These standard UNIX transfer utilities, scp, [sftp](https://portal.xsede.org/knowledge-base/-/kb/document/akqg), ftp and rsync can be used to transfer files to and from NICS systems. These utilities are usually already installed on Linux/Unix machines, and there are many command and graphical clients available. Due to familiarity and ease, these may be the best choice for transferring scripts and small files, however, these options can be slow in comparison, and may be ill suited for transferring large amounts of data. More information on these utilities can be found on the XSEDE Data Management & Transfers page as well as in the NICS Kraken user guide.

XSEDE File Manager

Users can also use the File Manager from the XSEDE Portal for data transfers.

Globus Online

NICS users can use the Globus Online tool to perform large file transfers, for "drag and drop archiving" to move data between its long-time archival storage and compute systems, making it quite easy to move, back up or restore relevant data using a visual interface. To get started visit http://www.globusonline.org.

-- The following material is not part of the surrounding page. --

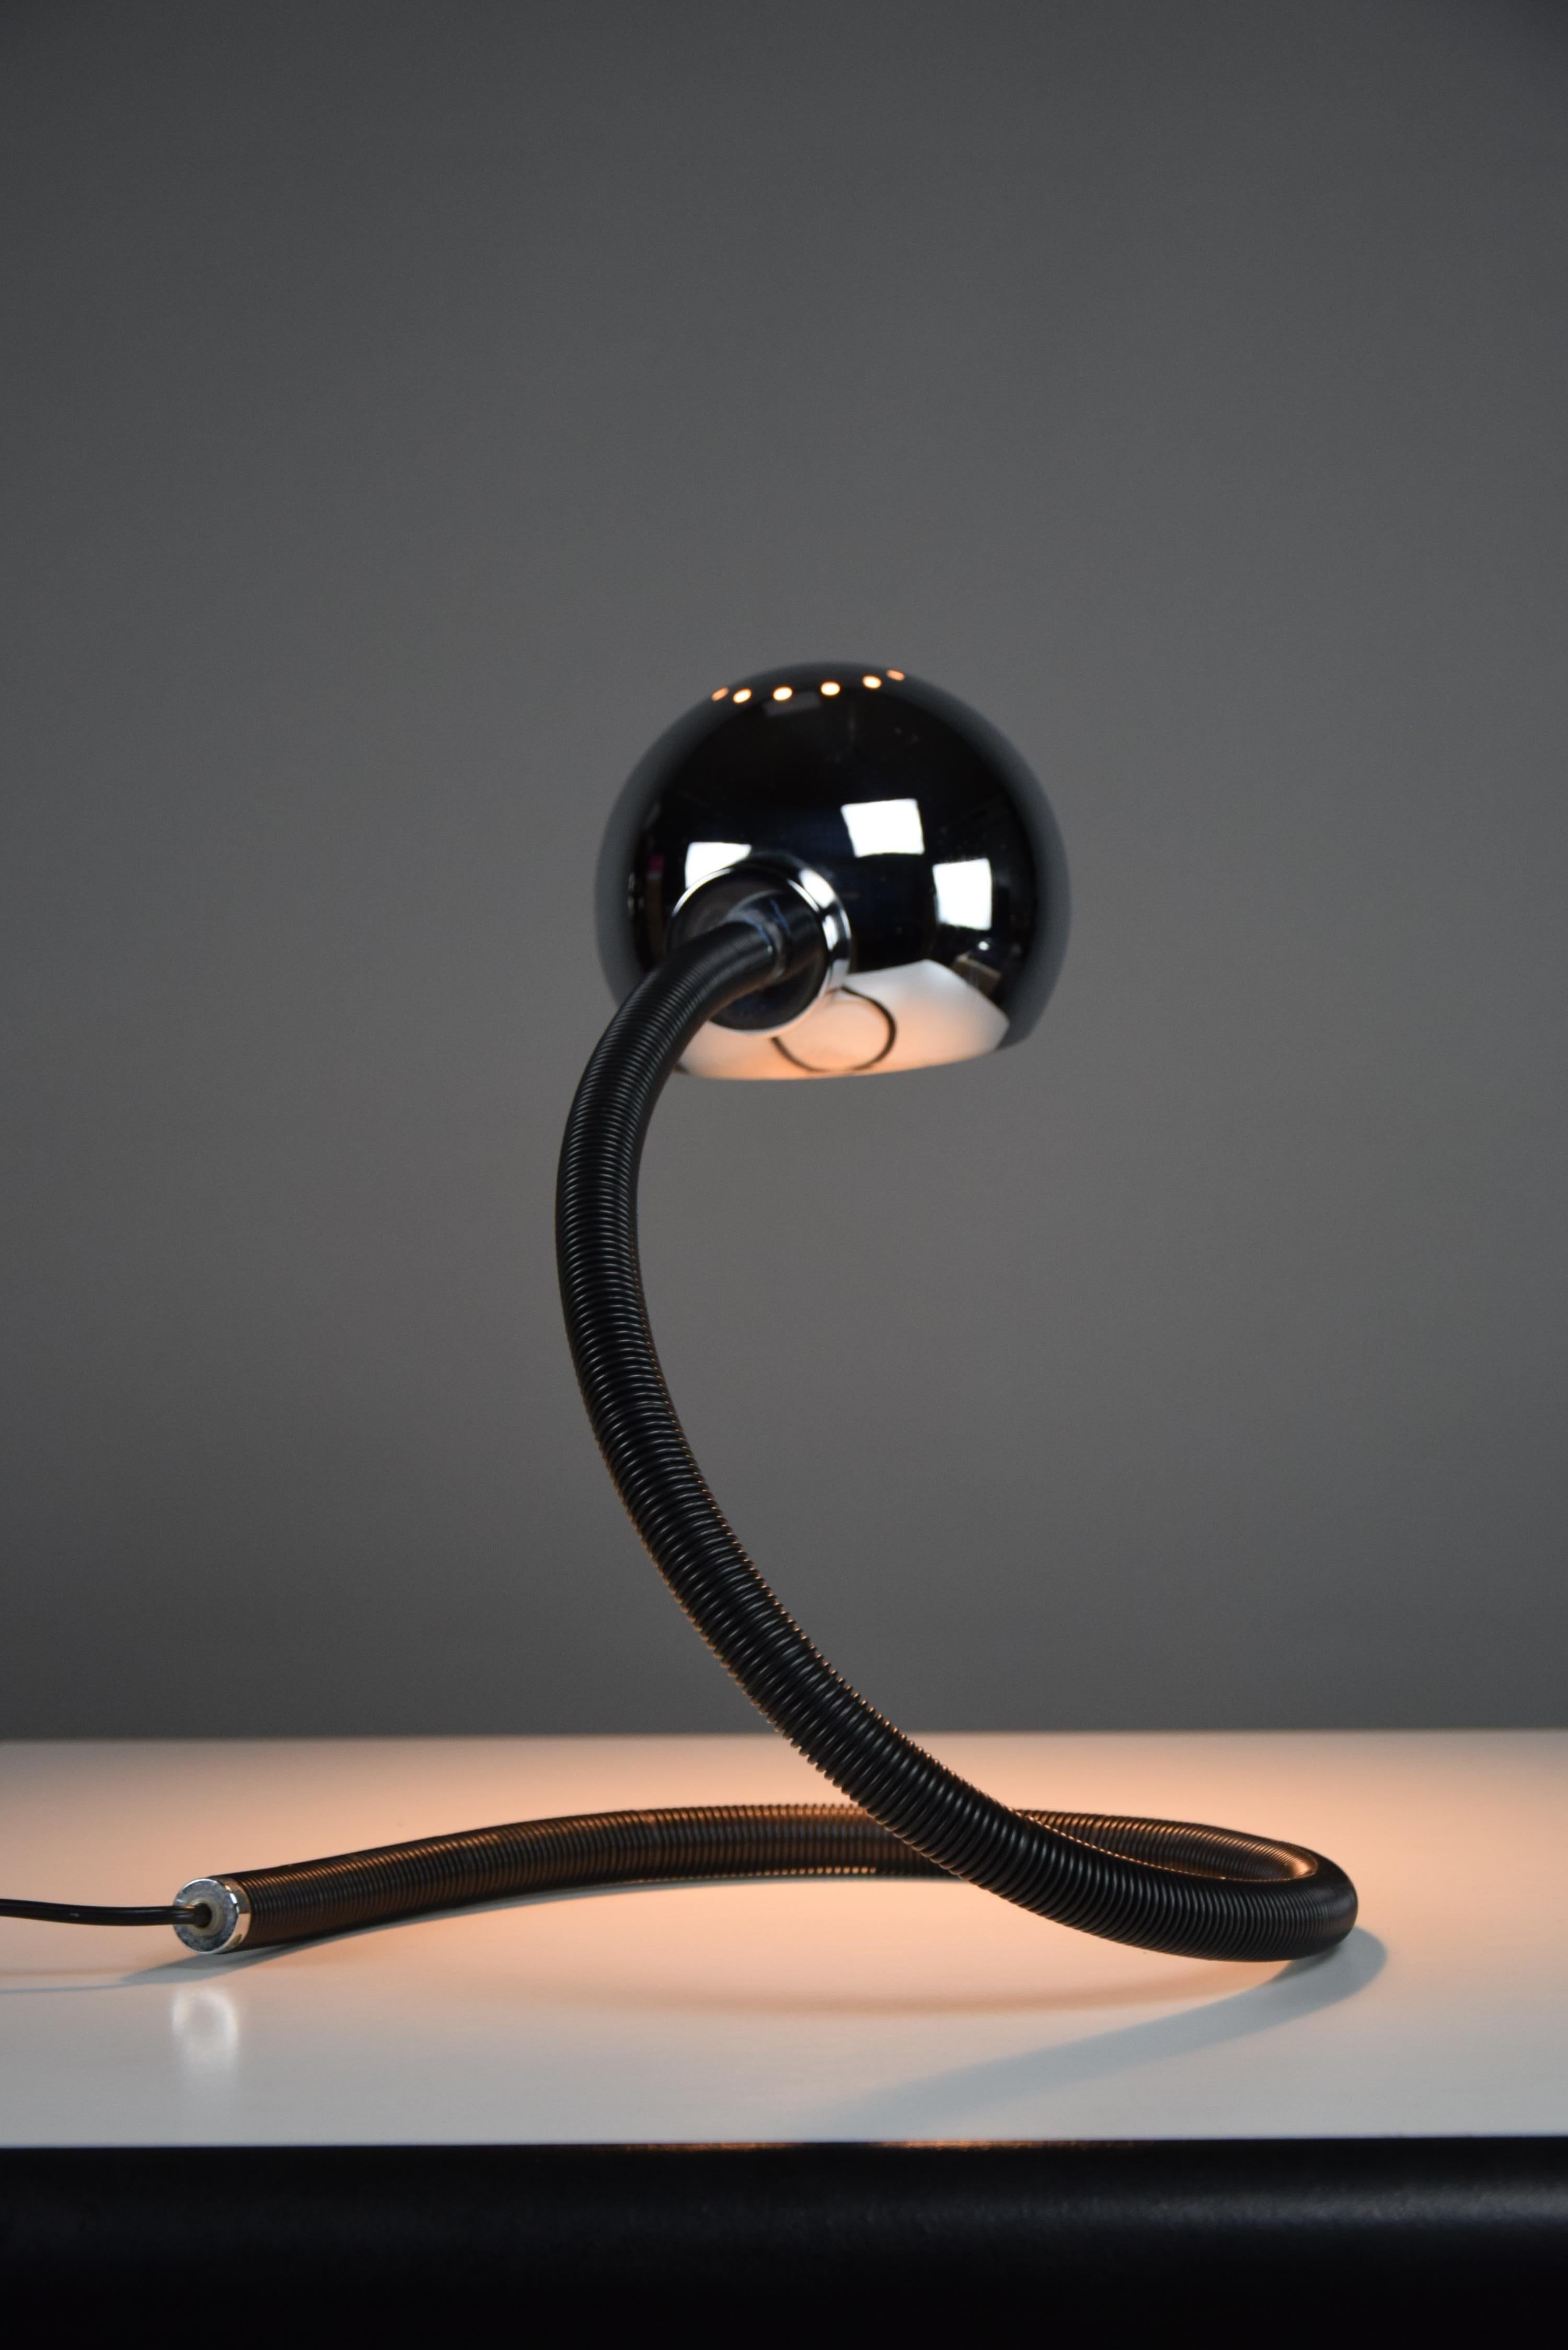 Voici l'élégance intemporelle de la lampe de table Hebi, un chef-d'œuvre de design réalisé par Isao Hosoe pour Valenti Luce dans les années 1970. Avec son emblématique grand cadre noir réglable et flexible, la lampe Hebi allie sans effort forme et

File Transfer Recommendations

The standard Unix tools for copying data, scp and sftp are recommended for small transfers. For larger transfers, gridftp is often a better choice. On the other hand, rsync processes can be very resource intensive for the login nodes and file system, please avoid using rsync on directories with many files (it maybe killed to prevent a node from failing).

Depending on how the source code for the application you want to use is hosted, various version control programs are available to download the source: commonly Subversion, Git, or Mercurial (see the modules for each).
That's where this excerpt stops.